The series is set in a near-future Britain after a limited nuclear war, which has left much of the world destroyed. In this future, an extreme fascist party called Norsefire has arisen and is now the ruling power. \"V\", an anarchist revolutionary dressed in a Guy Fawkes mask, begins an elaborate, violent, and theatrical campaign to bring down the government.
Background
The first episodes of V for Vendetta were originally published in black-and-white between 1982 and 1985, in Warrior, a British anthology comic published by Quality Comics. The strip was one of the most popular in the title and featured on several covers during the 26 issues of Warrior.
Internally, V for Vendetta is divided into three \"Books\". Warrior was cancelled at the end of the second Book. Three years later, DC Comics reunited Alan Moore and David Lloyd to finish the series, which was published in ten monthly issues, then collected in hardback and trade paperback. David Lloyd's artwork for V for Vendetta in Warrior was originally published in black-and-white, giving it a harsh chiaroscuro effect that worked very well with the grim subject matter. In the DC Comics version, the artwork has been \"colorized\" in pastels, which some fans feel compromises its effectiveness.
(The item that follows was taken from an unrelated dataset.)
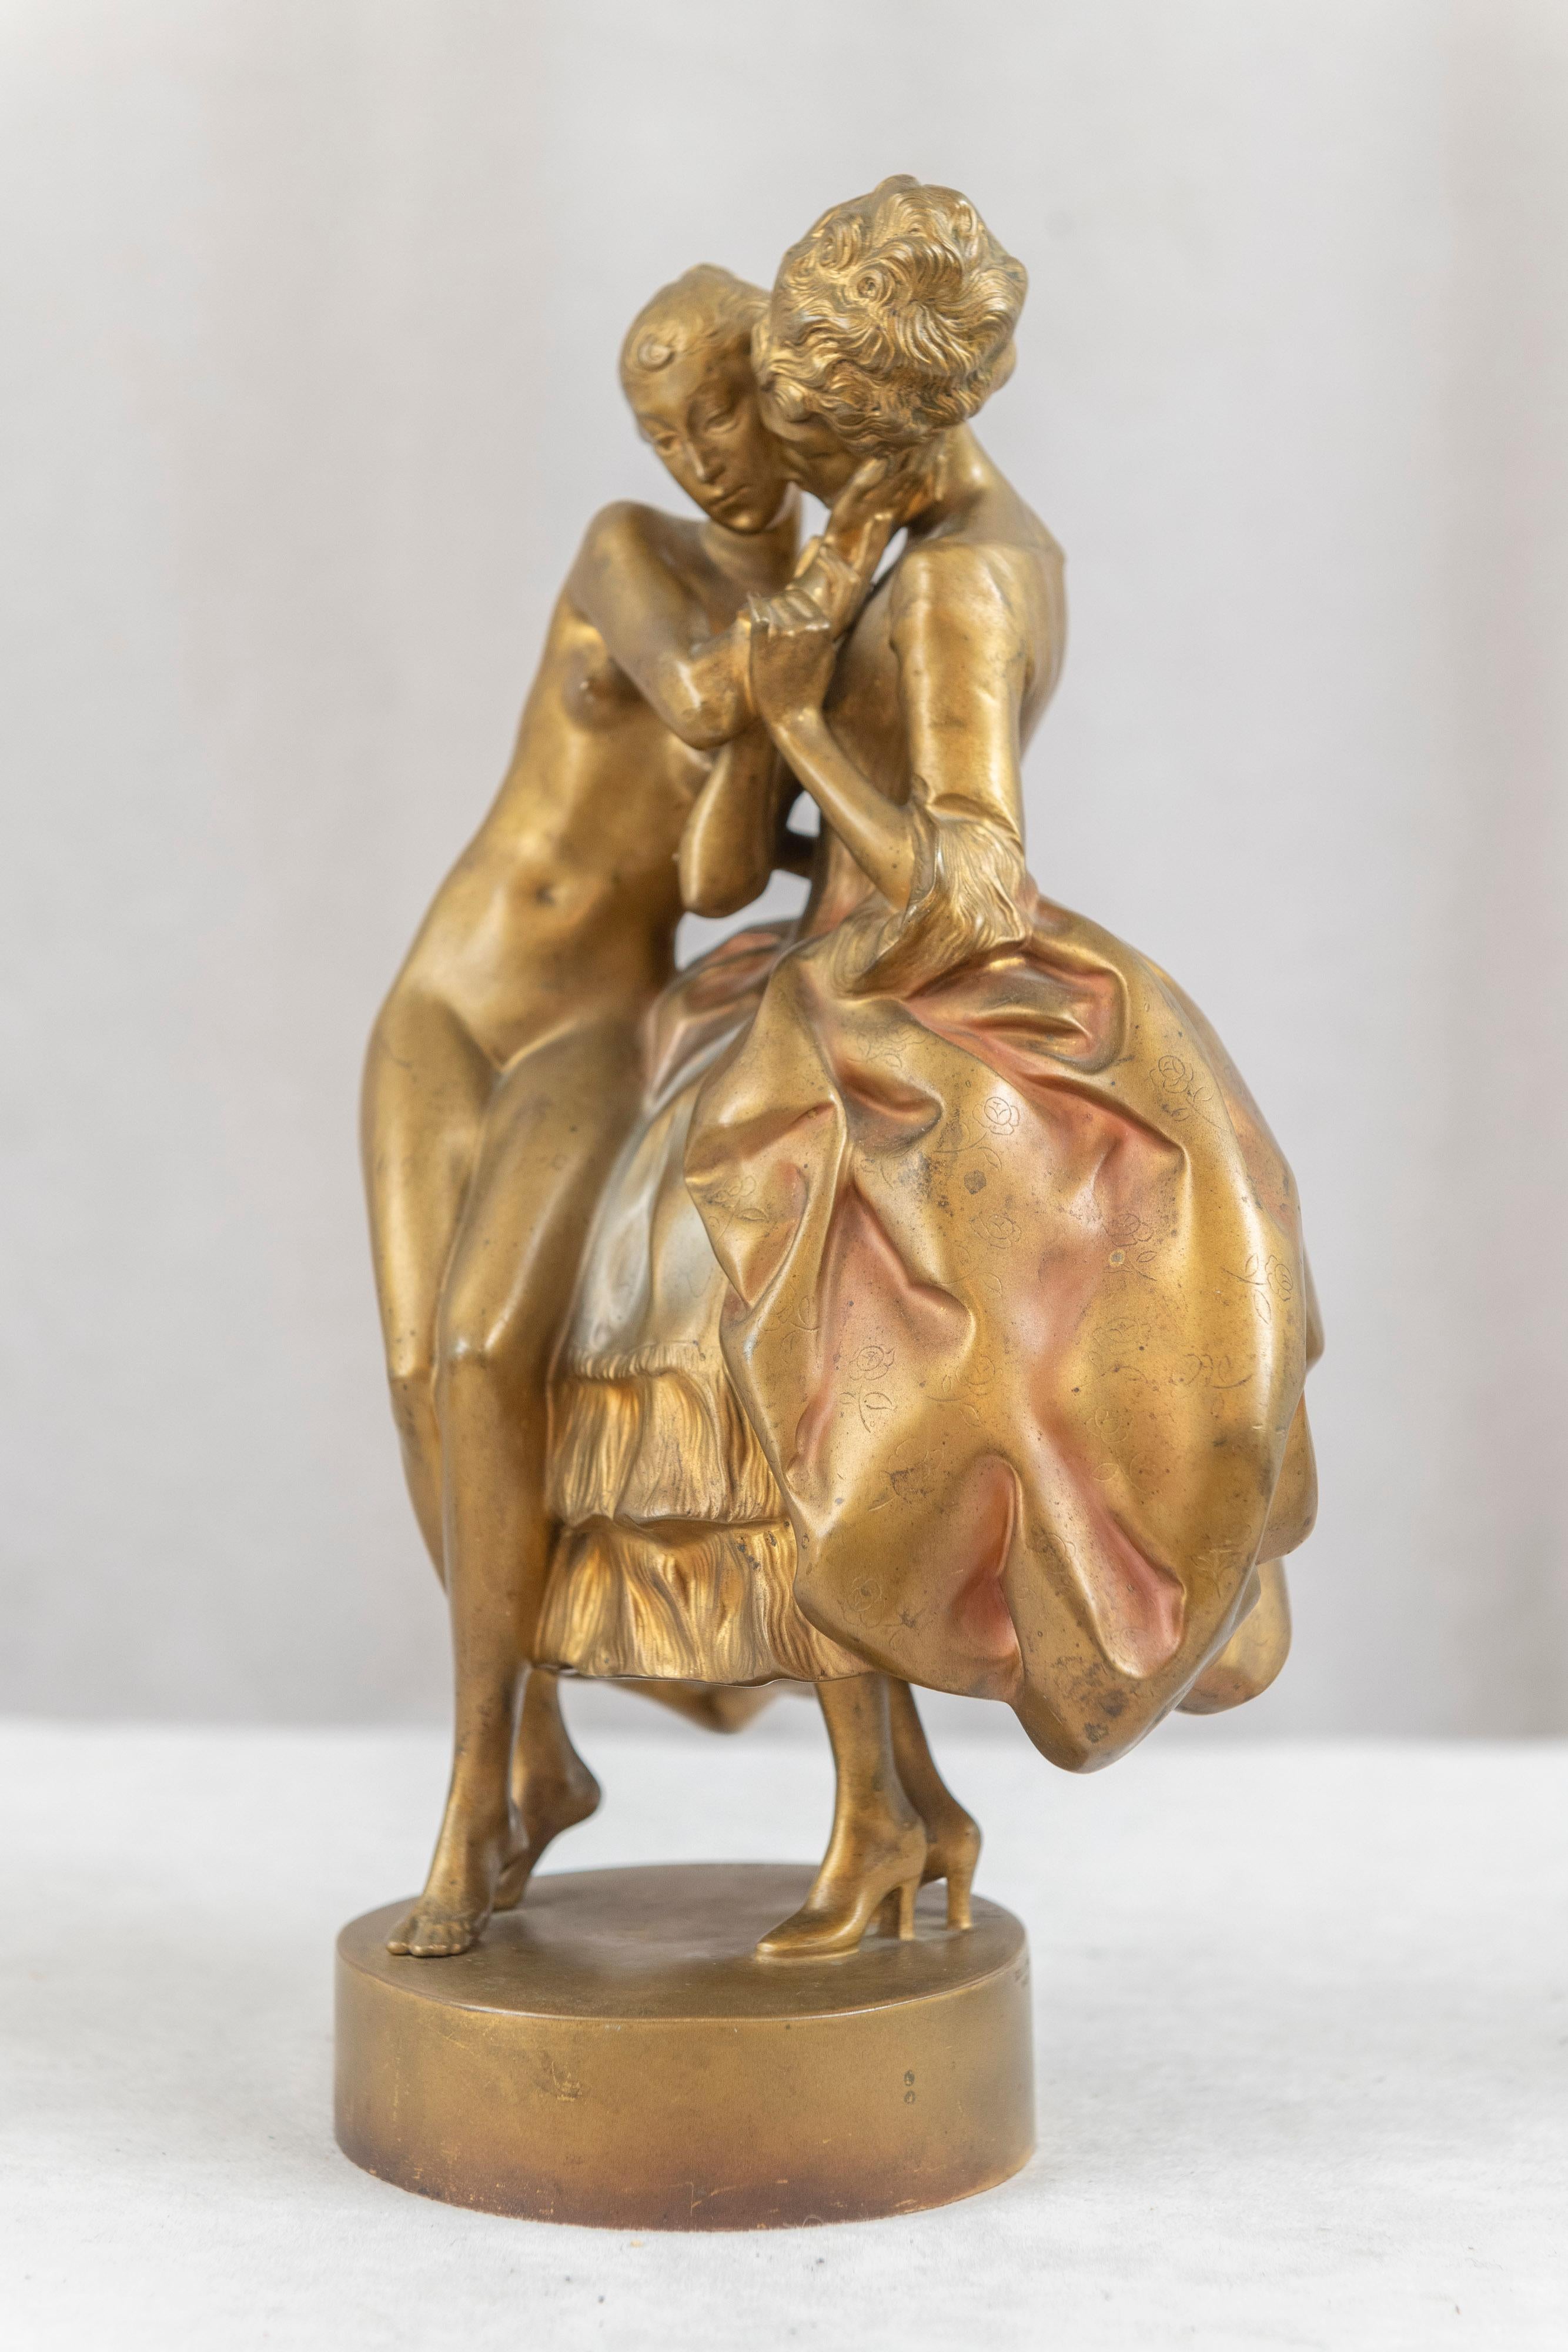  This beautiful, warm and loving bronze depicts 2 women embracing. One is dressed very formal and dashing while her partner is nude. The style and especially the faces are pure art deco. The bronze still has the rich gilt finish with small areas

In writing V for Vendetta, Moore drew upon an idea for a strip titled The Doll he had submitted to DC Thomson when he was twenty-two years old. In \"Behind the Painted Smile,\" Moore revealed that the idea was rejected as DC Thomson balked at the idea of a \"transsexual terrorist.\" Years later, Warrior editor Dez Skinn invited Moore to create a dark mystery strip with artist David Lloyd. Lloyd and Moore considered several proposals, including one titled Vendetta that set the story in 1930s United States. The setting developed through their discussions, moving from 1930s United States to near-future Britain. As the setting progressed, so did the character's development; once conceived as a \"realistic\" gangster-age American, he became, first, a policeman rebelling against the totalitarian state he served, then became a heroic anarchist.
Moore and Lloyd conceived the series as a dark adventure strip influenced by British comic characters of the 1960s, as well as Night Raven, a Marvel UK strip which Lloyd had previously worked on with writer Steve Parkhouse. Editors Dez Skinn and Graham Marsh came up with the name V for Vendetta. David Lloyd developed the idea of dressing V as Guy Fawkes after previous designs followed the conventional superhero look.